Firstly, it was apparent that none of the original or subsequently
proposed primary media types would allow any sensible component of
default handling of implicit chemical information contained in a
data file. Secondly, the MIME mechanism operates by assigning three or
four letter filename extensions to the data files, and hence each
primary type must operate within a closely regulated name space
convention. By assigning a primary type CHEMICAL, this name space could
be delegated to the community that defines the media type, rather than
the less manageable Internet community as a whole. Finally, the
adoption of CHEMICAL as a primary media type was seen as the first
step in achieving a closer integration between the exchange of
chemical information via document server systems such as the
World-Wide Web and the exchange of the same data types using electronic
mail mechanisms.
Chemical MIME Types
In the four years or more that have elapsed since the original proposal for chemical MIME
types, their use via the World-Wide Web has become common, but their
application with electronic mail much less so. Listed in Table 1 are the chemical
MIME types which as far as we are aware have actually been used to a greater or
less extent during this period. Suggestions for appropriate programs capable of
processing and/or displaying the molecular content are included in the table. A description of the full definitive list will be published
elsewhere.6 Proposals for additional chemical MIME types should be
addressed to the present authors in the first instance.
These MIME types can be further
sub-divided into three categories.
- chemical MIME types which have been configured for Web (HTTP) document servers operating on
an Internet-wide scale, ie associated with publically published documents. Such configuration
is normally accomplished via a privileged account, and the use of standard types is essential
so that different servers allow documents of the same type to be access by remote users
in an identical manner. The precise manner in which any individual server is
configured may differ, but a typical entry in a "mine.types" configuration file might
appear as follows
chemical/x-mdl-molfile mol
This simply serves as an instruction to the server that any document associated with a filename
extension .mol is issued upon request with a document header containing a specification of
the MIME type as chemical/x-mdl-molfile
- It is common for Intranet systems, ie those associated with documents which are only
accessible in a controlled private environment, to define additional non-standard MIME
types for local use. The responsibility for coordinating the use of such private types lies
entirely within the organisation, and is to be contrasted with the use of public types, for which
articles such as this serve to co-ordinate globally.
- The configuration of user software for MIME is accomplished quite
differently from that for servers. A number of the MIME types listed in Table 1
in fact derive from so-called "plug-ins" which can be used to enhance
the basic capability of World-Wide Web browser and email software, and which
removes much of the burden of installation of the MIME mechanism from the user.

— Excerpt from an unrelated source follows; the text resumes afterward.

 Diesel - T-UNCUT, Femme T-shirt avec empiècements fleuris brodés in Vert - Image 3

An alternative is for the user to pro-actively specify that a designated "helper" program be
used to resolve the chemical document. In some cases, such as the Netscape
Communicator program, the same software package can be used for handling both Web documents or
email messages, and the user's configuration for both is handled
via a single plug-in installation process. For other programs, such as
stand-alone email clients, the user will have to do the configurtion process
explicitly.
chemical/x-daylight-smiles smi
Table 1. Chemical MIME Media Types in use during 1994-1998.

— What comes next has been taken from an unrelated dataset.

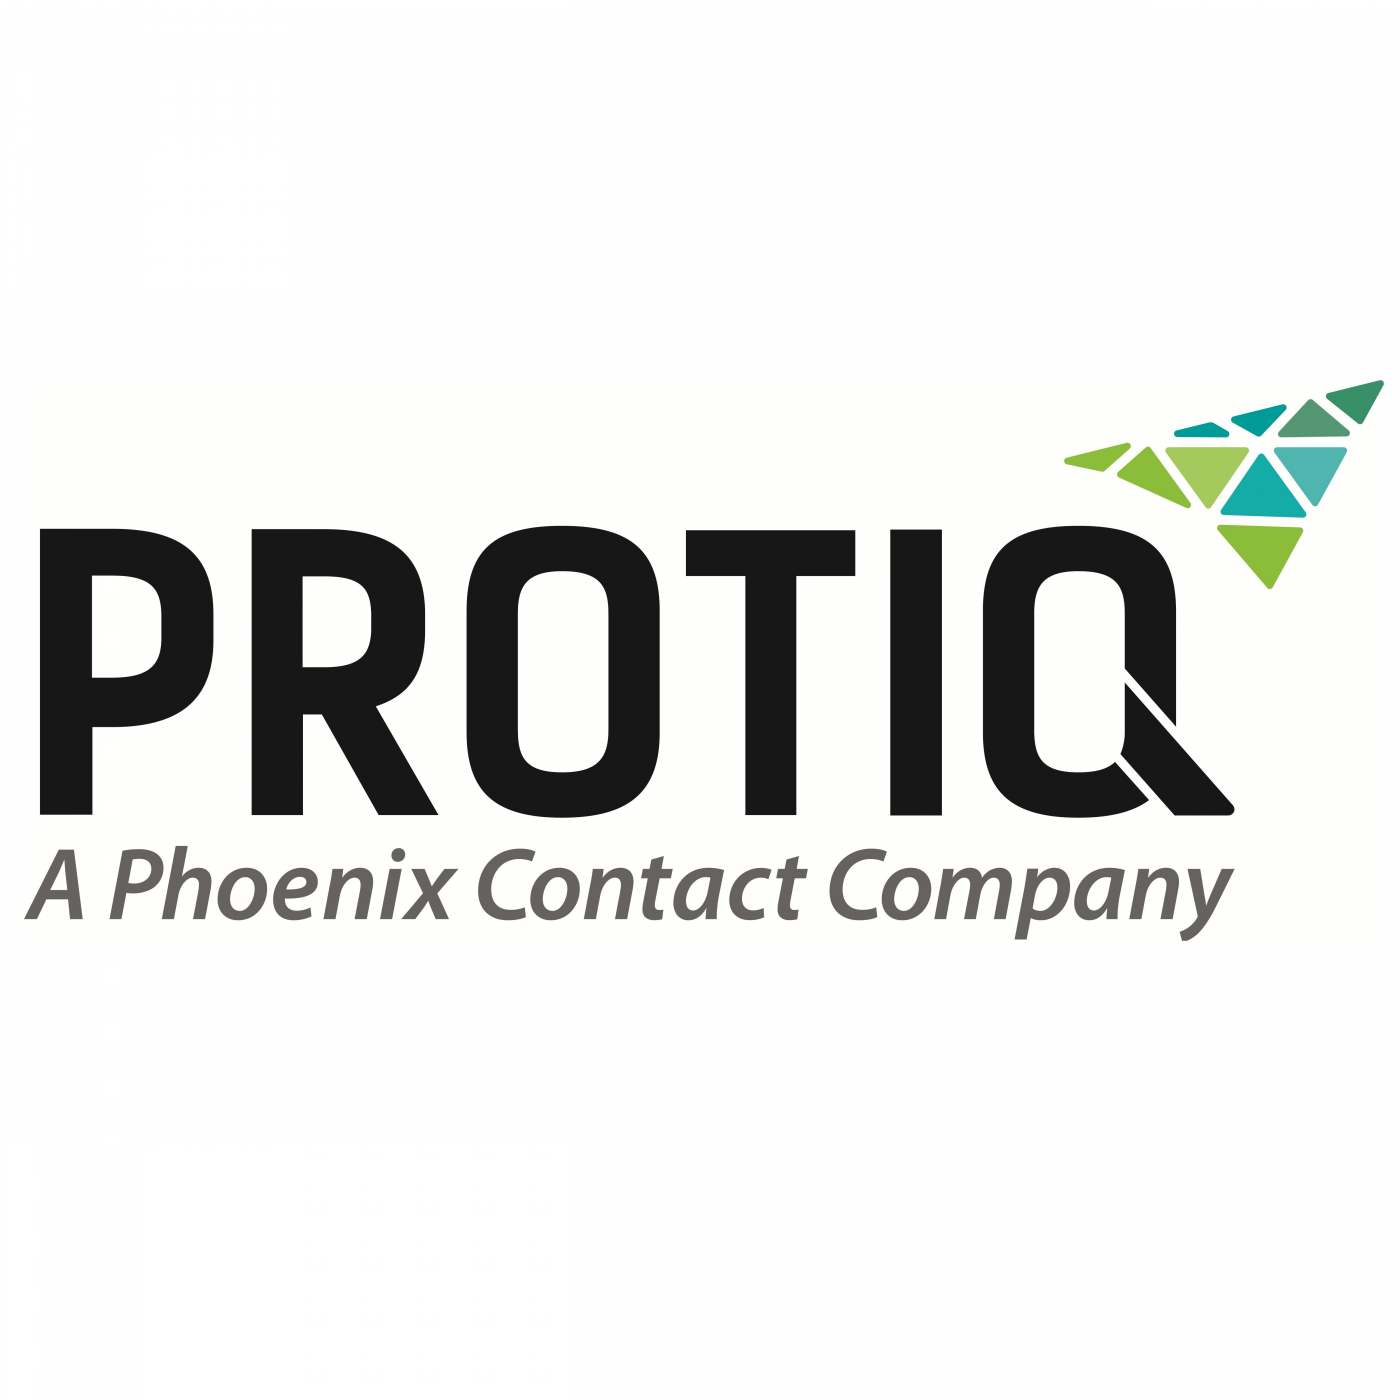 PROTIQ GmbH

(a) MIME type supported via a Browser plug-in.
Application of chemical MIME using Client Software
An overview of how MIME can be applied to the transport of specific
chemical data types using the two principle Internet mechanisms of
e-mail and the Web is illustrated in Scheme 1.
Scheme 1: Internet-based document and data flow, illustrating how MIME
headers can be used to structure information exchange.
The data-flow diagram shows that three, and
perhaps four, distinct data storage areas are used on any individual
user's computer file system. These include the general user file area,
an area specified by the user for receipt of e-mail attachments, a
temporary area associated with the Web-client cache if specified by
the user and finally a Web document collection area if the user has
specified a personal web-server or has access to a central web server.
Chemical MIME at least in part provides one mechanism for achieving
self-consistency in the handling of chemical files across these four file areas.
To more specifically illustrate this process, a distinction
is first drawn between user-owned data files initially residing on a local
filebase which are to be exported to a remote user, and the process of
of files being acquired remotely and imported into a local filebase by the user.
Receipt of chemical files using Client Software
A Web client makes a HTTP request to a Web server configured to support
chemical MIME types, which results in
the response shown
GET /atp.pdb http/1.0
HTTP 200 Document follows
Date: Mon, 30 Mar 1998 13:54:40 GMT
Server: NCSA/1.5.2
Last-modified: Fri, 19 Aug 1994 15:46:58 GMT
Content-type: chemical/x-pdb
Content-length: 2916
The received MIME type is resolved via
a suitable internal look-up table available to the Web client which maps the MIME types to an
application program or plug-in capable of parsing, processing and/or
displaying the chemical data, in this case a simple PDB format file.
If an e-mail client is used to make
request to an e-mail relay, a related set of headers are received;
Mime-Version: 1.0
Content-Type: multipart/mixed; boundary="============_-1320854989==_============"
Date: Mon, 30 Mar 1998 15:18:23 +0100
To: recipient@somewhere
From: "Sender"
Subject: Illustration of chemical MIME headers
Status: O
--============_-1320854989==_============
Content-Type: text/plain; charset="us-ascii"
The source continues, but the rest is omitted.